Keywords: HEVC decoder; dequantization; IDCT/IDST; LLS design; HLS design; FPGA
Nowadays, several consumer electronic devices such as television [1], smartphone [2], tablet [3], etc use video standard codec for video compressing and transmitting data with minimum bitrate. In this context, a High Efficiency Video Coding (HEVC) video standard is developed [4,5]. The HEVC is a video compression standard that can provide a good performance than the previous standard, i.e., H.264/AVC [6]. In fact, it can support a high video resolution which can reach to 8K (7680 × 4320) and reduces the bitrate approximately by 50% relative to H.264/AVC [7,8] with same video quality.
In video standard codec the Dequantization and Inverse Transform (DE/IT) play a very important role to reconstruct the compressed video sequences [9]. Nevertheless, in HEVC video decoder, the DE/IT module allows to reconstruct the residual block which can be with several size 4 × 4, 8 × 8, 16 × 16, and 32 × 32. In fact, the largest coding unit in HEVC can be up to 64 × 64 in size, and the Transform Unit (TU) sizes can be 4 × 4, 8 × 8, 16 × 16, and 32 × 32 [10]. This multiple TU sizes improve the compression performance but increase the computational complexity to reach a real-time execution [11,12]. In this context, based on the complexity analysis of the HEVC decoder modules for all-intra configuration performed in [13], we can notice that the entropy decoding (ED), the intra prediction (IP) and the DE/IT modules consume on average 38%, 32% and 20% of the total decoding time, respectively.
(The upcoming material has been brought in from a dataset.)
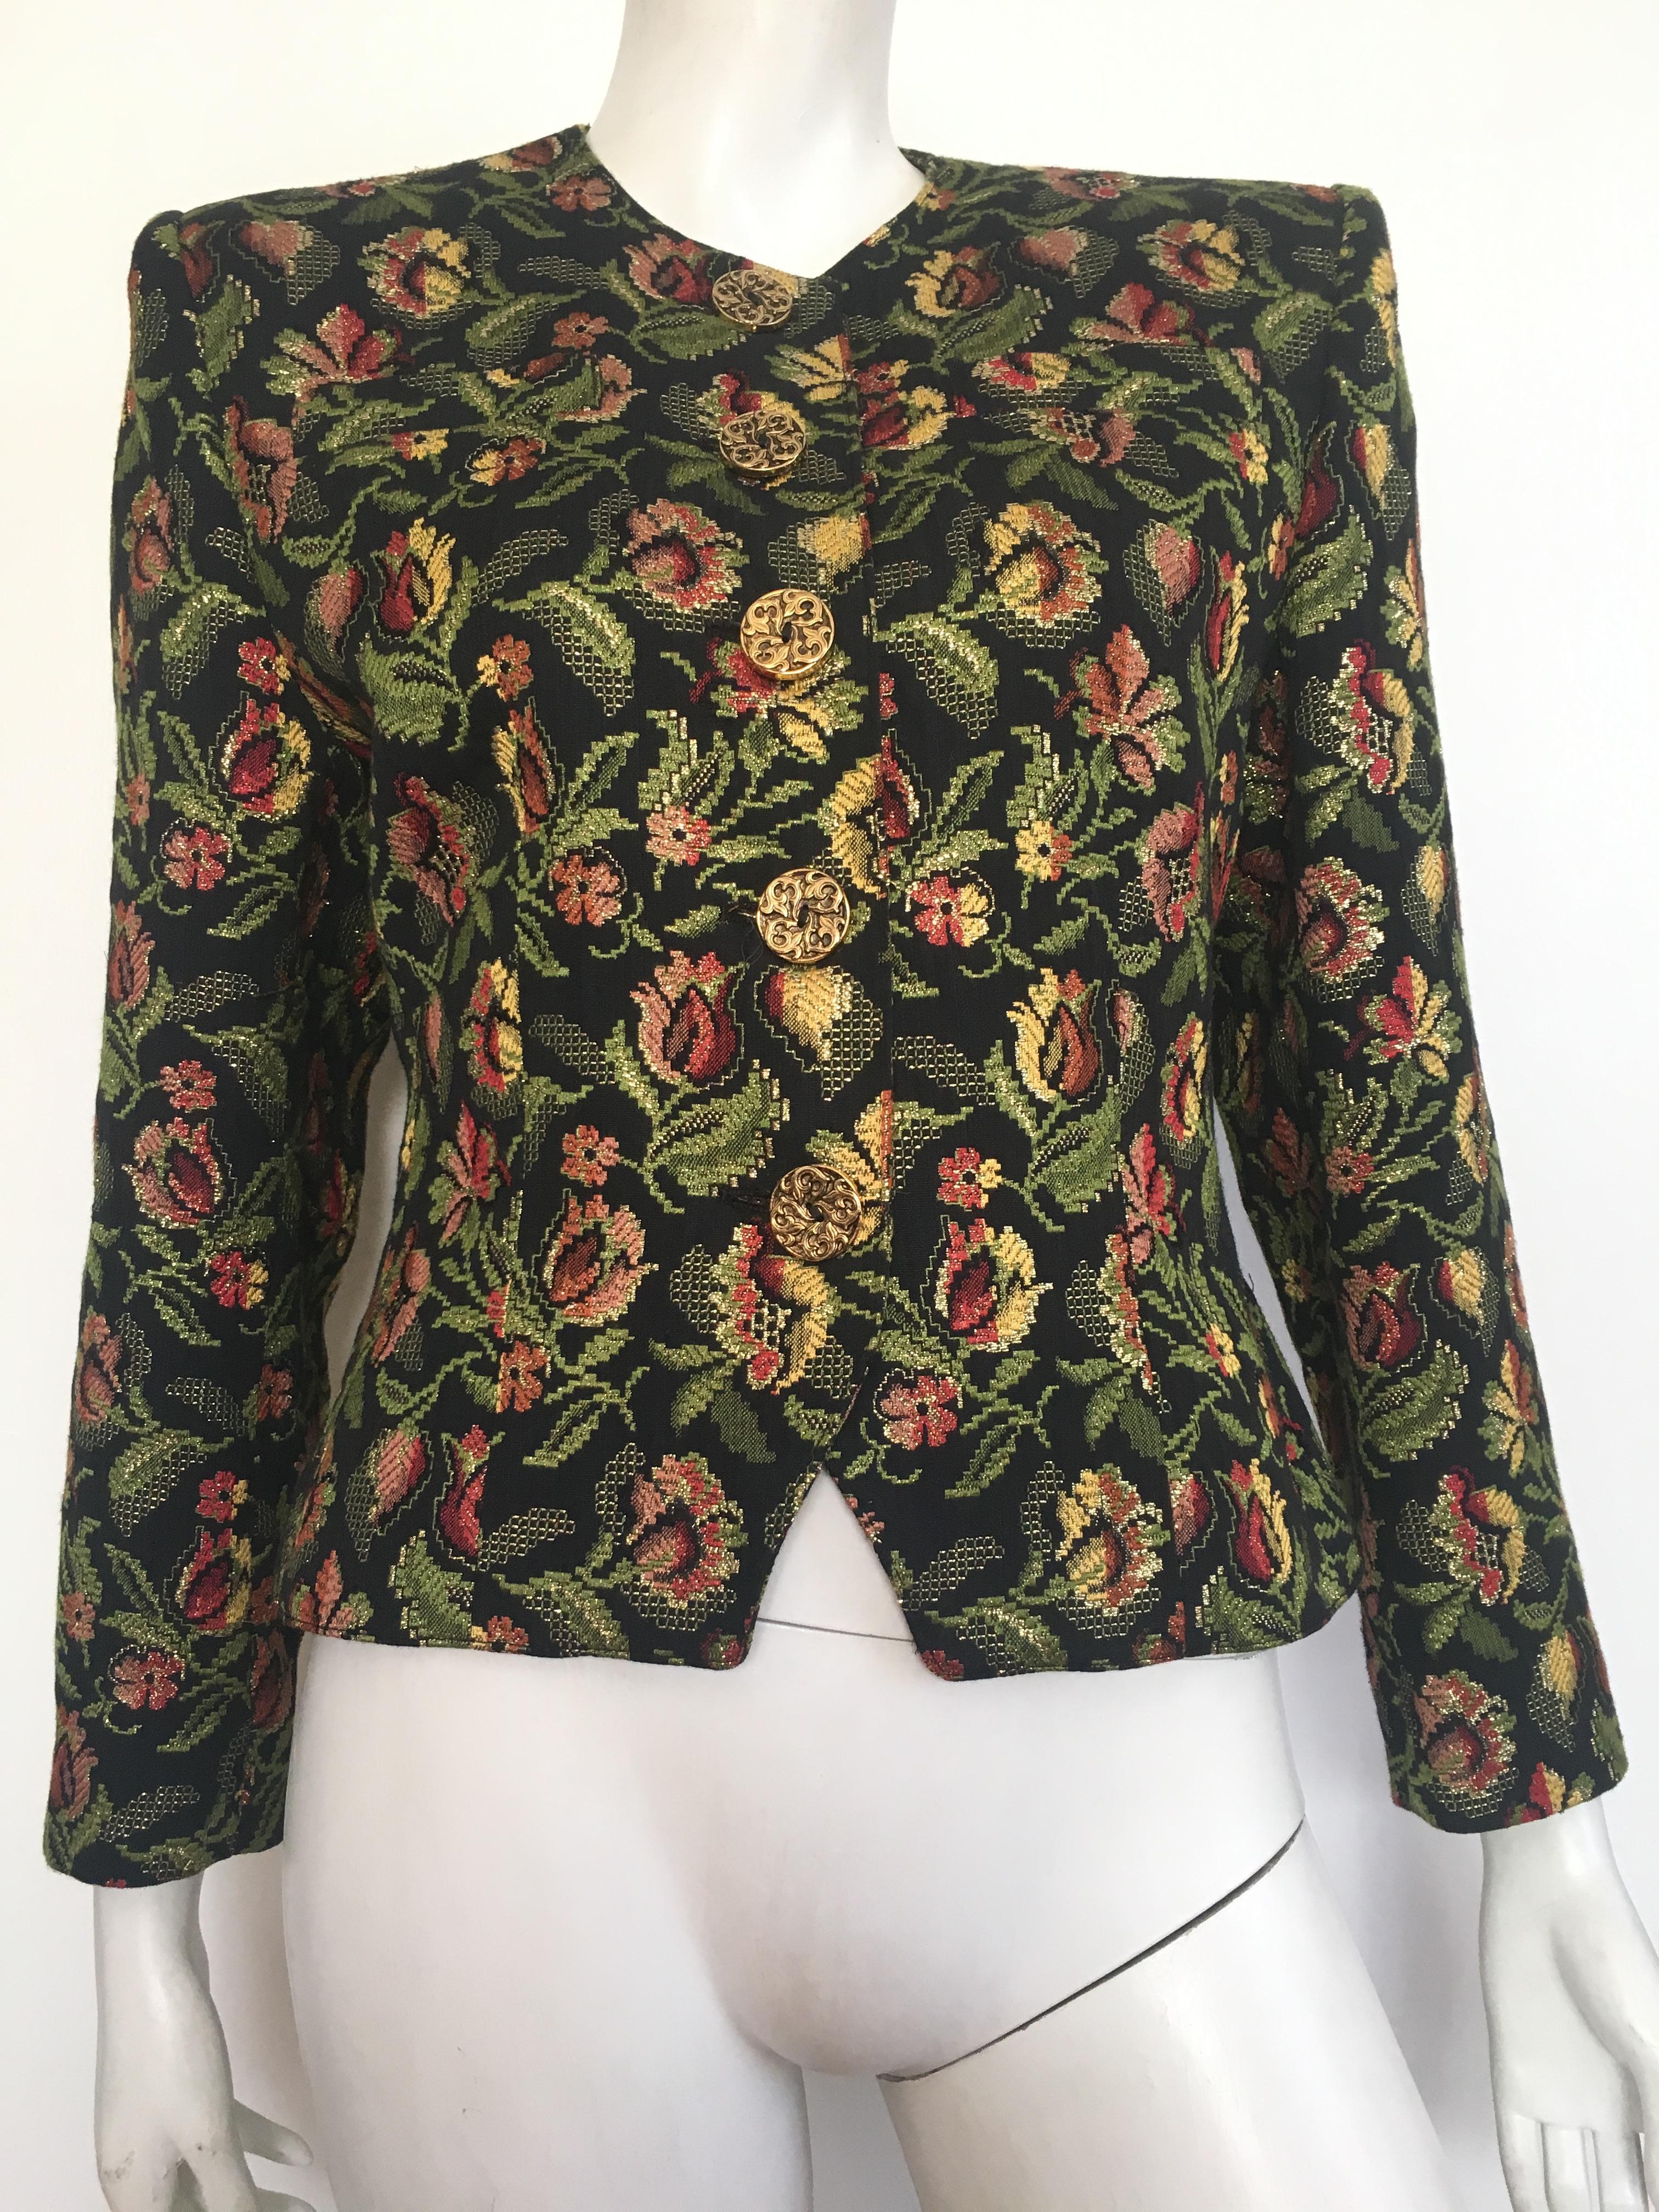 Guy Laroche 1980s brocade metallic jacket is a French size 42 and fits a size 10.  Jacket is beautifully lined.  There are two front pockets.  Mild shoulder pads.  Wear this jacket with your vintage 1980s Calvin Klein jeans or your Thierry Mugler

However, according to the analysis given in [14] for the ED module, it is obviously that the computational complexity presented in the regular CABAC algorithm makes it difficult to be pipelined and parallelized in such hardware context. This complexity is caused by the critical bin-to-bin data dependencies and the use of feedback between entropy decoding steps. On the other hand, we have proposed in [13] a hardware architecture to implement the IP block. For this reason, we focus in this work to propose an efficient hardware design to reduce the computational complexity of the HEVC DE/IT module.
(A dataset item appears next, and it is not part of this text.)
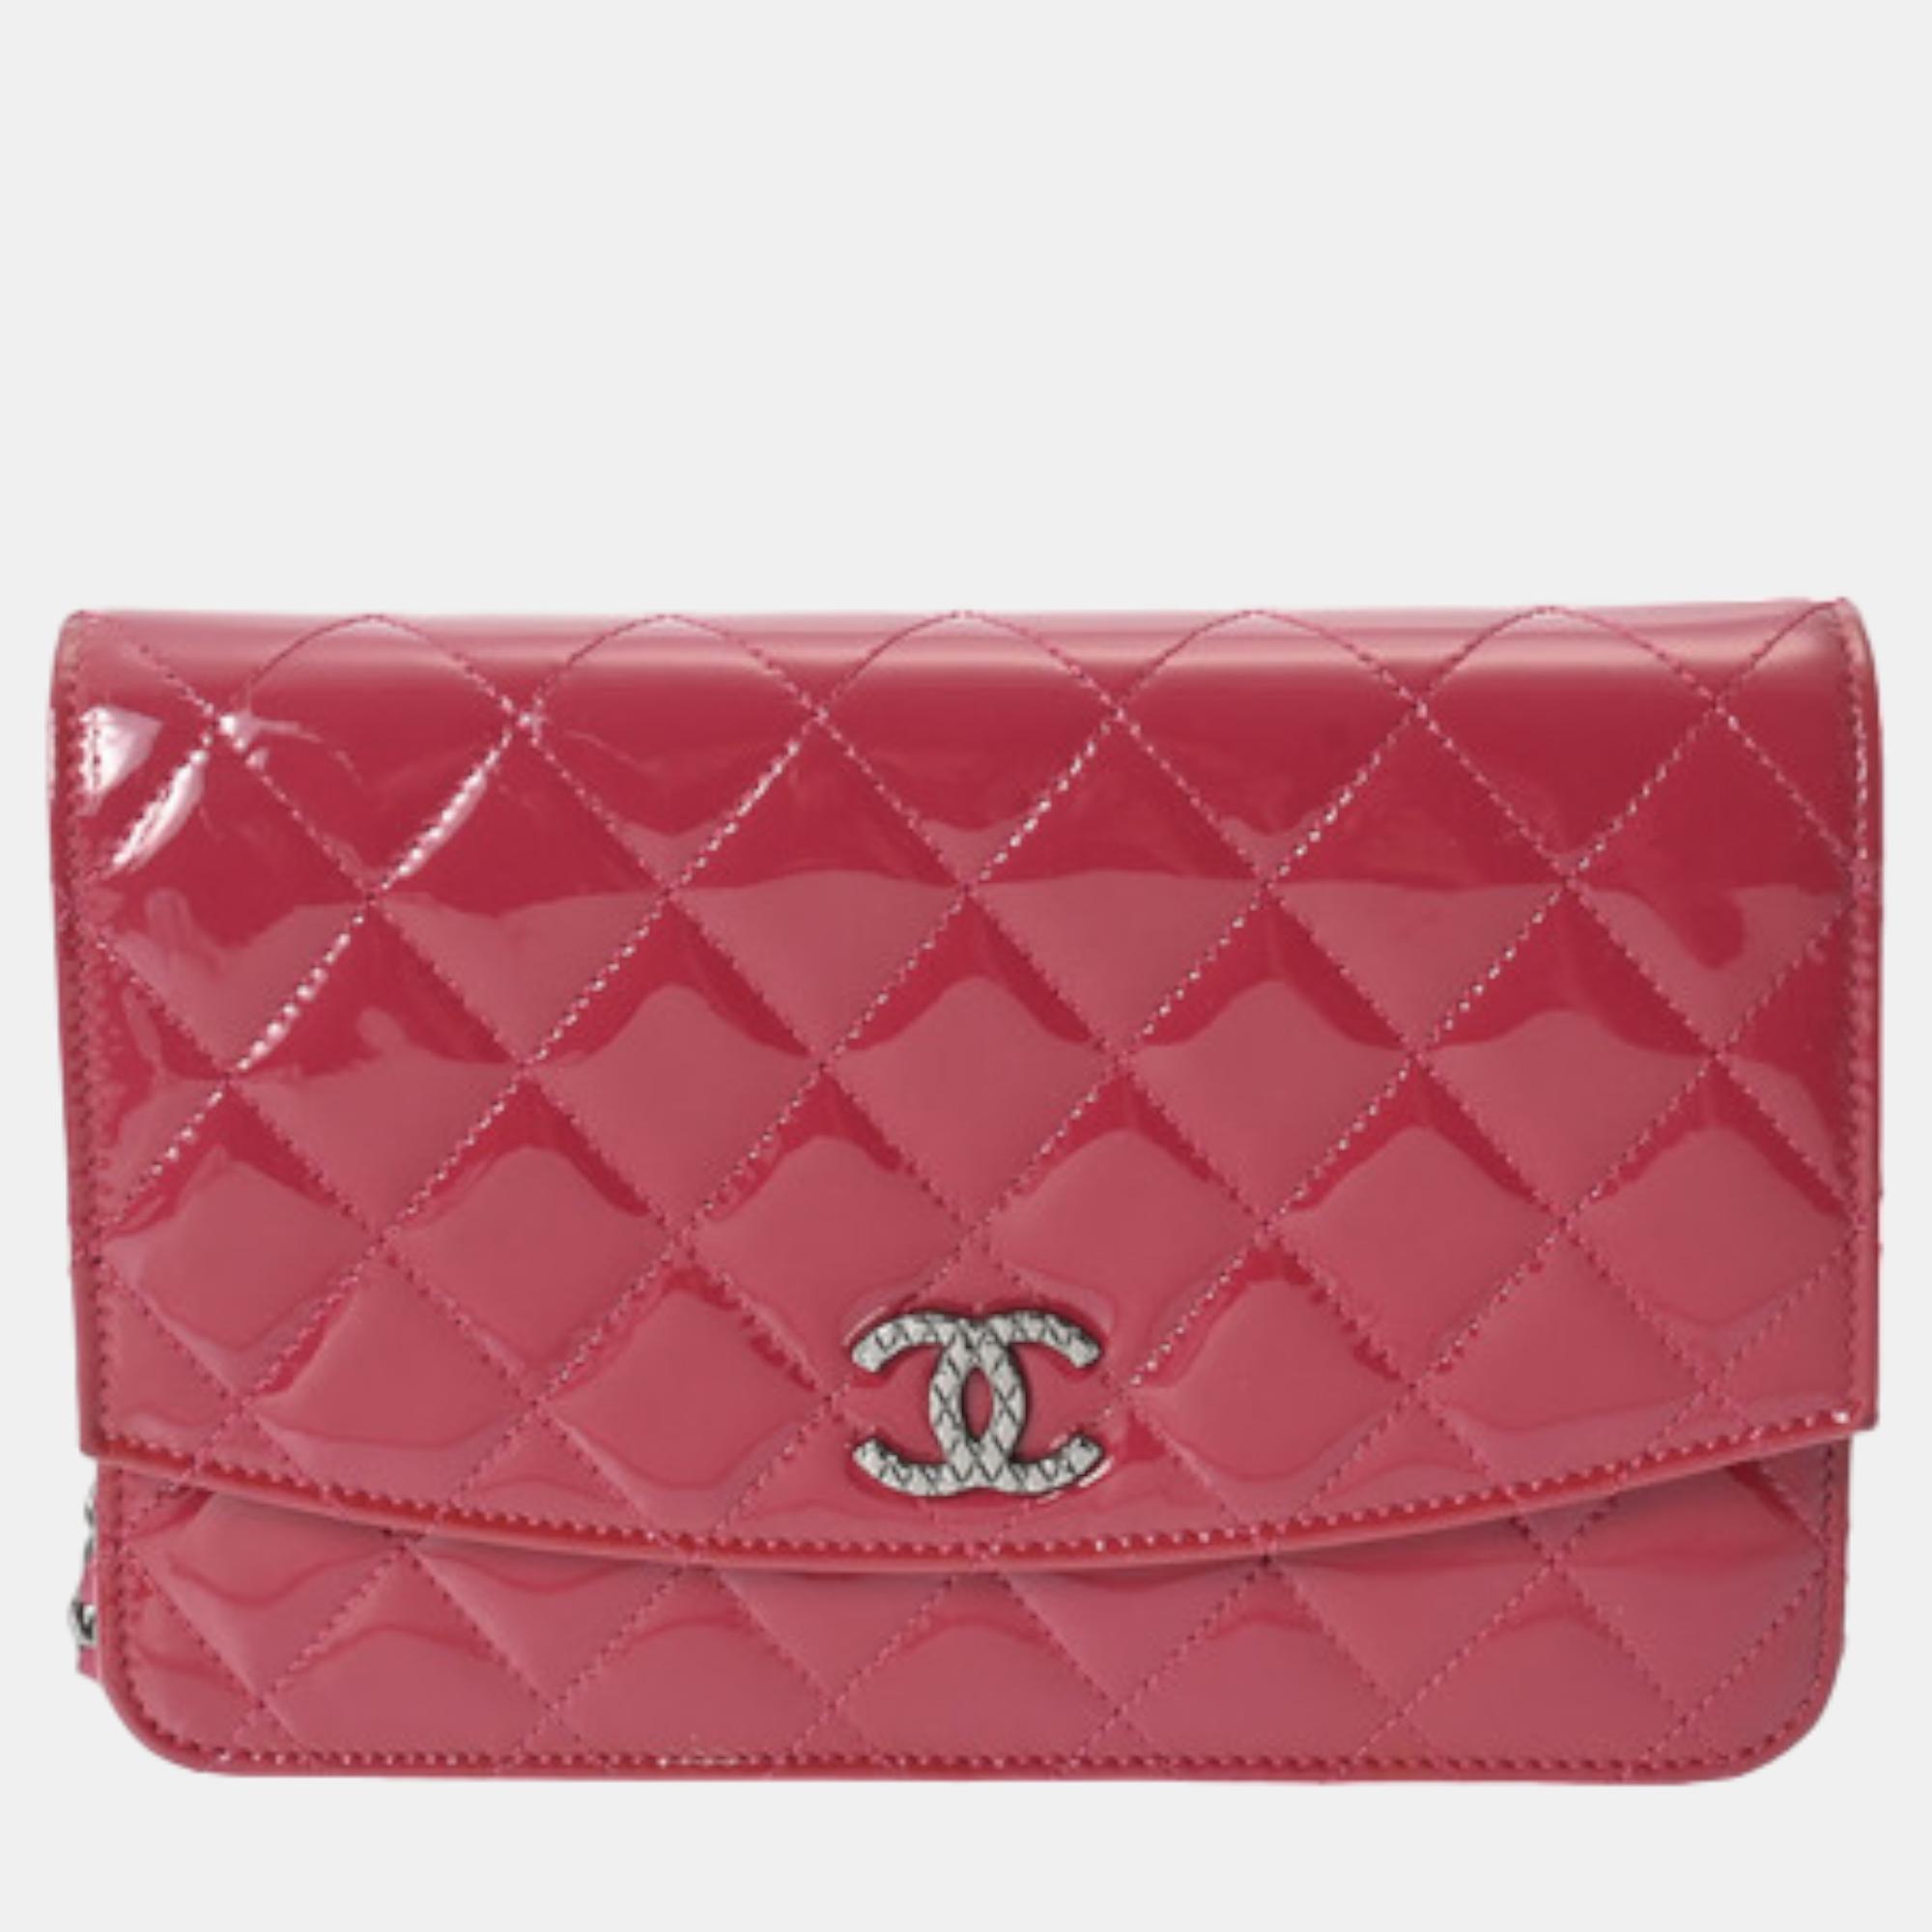 Chanel pink patent leather classic wallet on chain

Recently, field-programmable gate arrays (FPGAs) have been gaining popularity for image and video processing. Indeed, modern FPGAs have sufficient resources to implement a complex application [15,16]. The traditional approach used to design and implement any algorithm in FPGA is Low-Level Synthesis (LLS) using hardware description language (HDL) such as VHSIC hardware description language (VHDL or Verilog). With such low-level design, it is possible to adjust the Register Transfer Level (RTL) description to generate an optimized hardware architecture [17–19]. But, this kind of design requires a lot of time and effort specially for complex algorithm. To alleviate this problem, the High-Level Synthesis (HLS) is introduced [20–22]. Nevertheless, the HLS flow uses the high-level programming language like C/C++, systemC, etc to generate automatically the RTL design. This approach makes the code more readable, shortens design and verification times, and increases the design reusability over those of handwritten HDL equivalents.
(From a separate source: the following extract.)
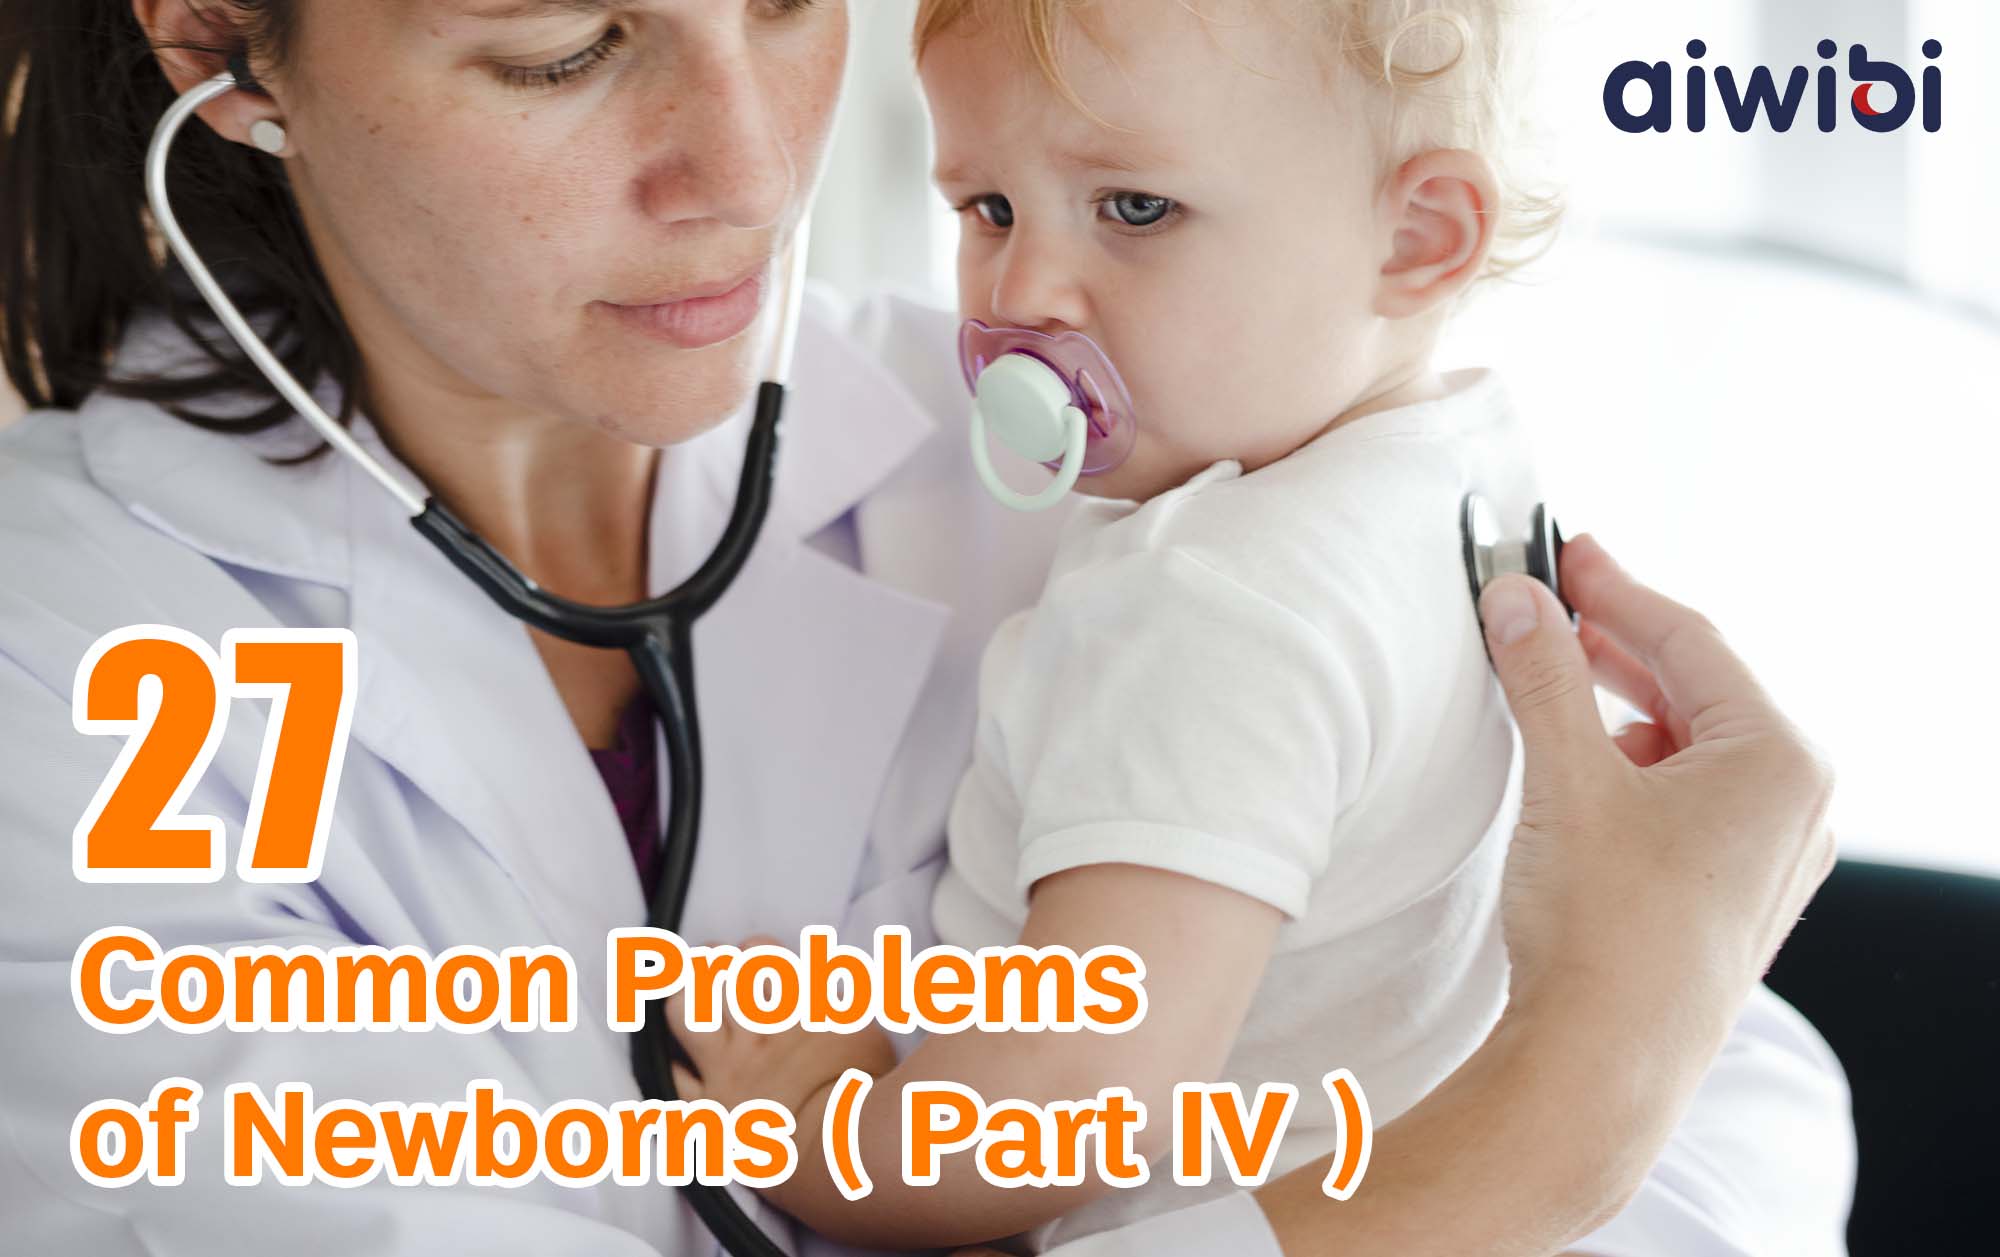 Parents Must Know How to Deal With the 27 Common Problems of Newborns（Part IV）

In literature, many architectures are proposed to implement the dequantization and inverse transform modules for HEVC decoder. In fact, the design outlined in [23] presents an FPGA implementation of the HEVC 2D integer inverse discrete cosine transform (2D-IDCT) using different HLS tools. The developed design can decode 54 frames/sec (FPS) for 1080p video sequences. In [24], the authors provide a System-On-Chip FPGA platform based on Xilinx Zynq to integrate the DCT coding block as an accelerator with HLS tool. The proposed design is capable to perform the coding of 1080@30fps. In [25], a LLS hardware architecture for 2D-IDCT is proposed. This architecture can process 4K@28fps at 135 MHz under XC7Z045 Xilinx FPGA. In addition, Chen et al. [26] design a 2D-IDCT architecture that supports all TU sizes. This architecture can calculate two rows in parallel during the 1D-IDCT instead of only one. In this case, the maximum throughput achieved is about 4K@30fps with the Xilinx Zynq platform. But Liang et al. [27] present an architecture that supports the 2D integer inverse discrete sine transform (2D-IDST) and 2D-IDCT using two 1D-IDCT/IDST units and memory block. This architecture calculates four residual pixels in parallel in each clock cycle. This design can decode 7680 × 4320@30fps. In [28] a hardware implementation of the 2D dequantization, IDCT and IDST (2D-DE/IDCT/IDST) for HEVC decoder is described. The proposed architecture can perform the decoding of 4K@30fps at 200 MHz clock frequency in TSMC 40 nm technology. However, such implementation presents a good compromise in terms of energy efficiency, resources utilization and performance but miss flexibility in term of programmability. On the other, in [29] an efficient OpenCL implementation of the HEVC 2D-DE/IDCT/IDST module is proposed. This software implementation is realized based on an exploitation of the parallel processing offered by modern Graphic Processing Unit (GPUs). The proposed solution can decode 4K@15fps on GeForce GTX 780Ti@1046 MHz. This implementation preserves the flexibility and accuracy of software but with an increase in power consumption.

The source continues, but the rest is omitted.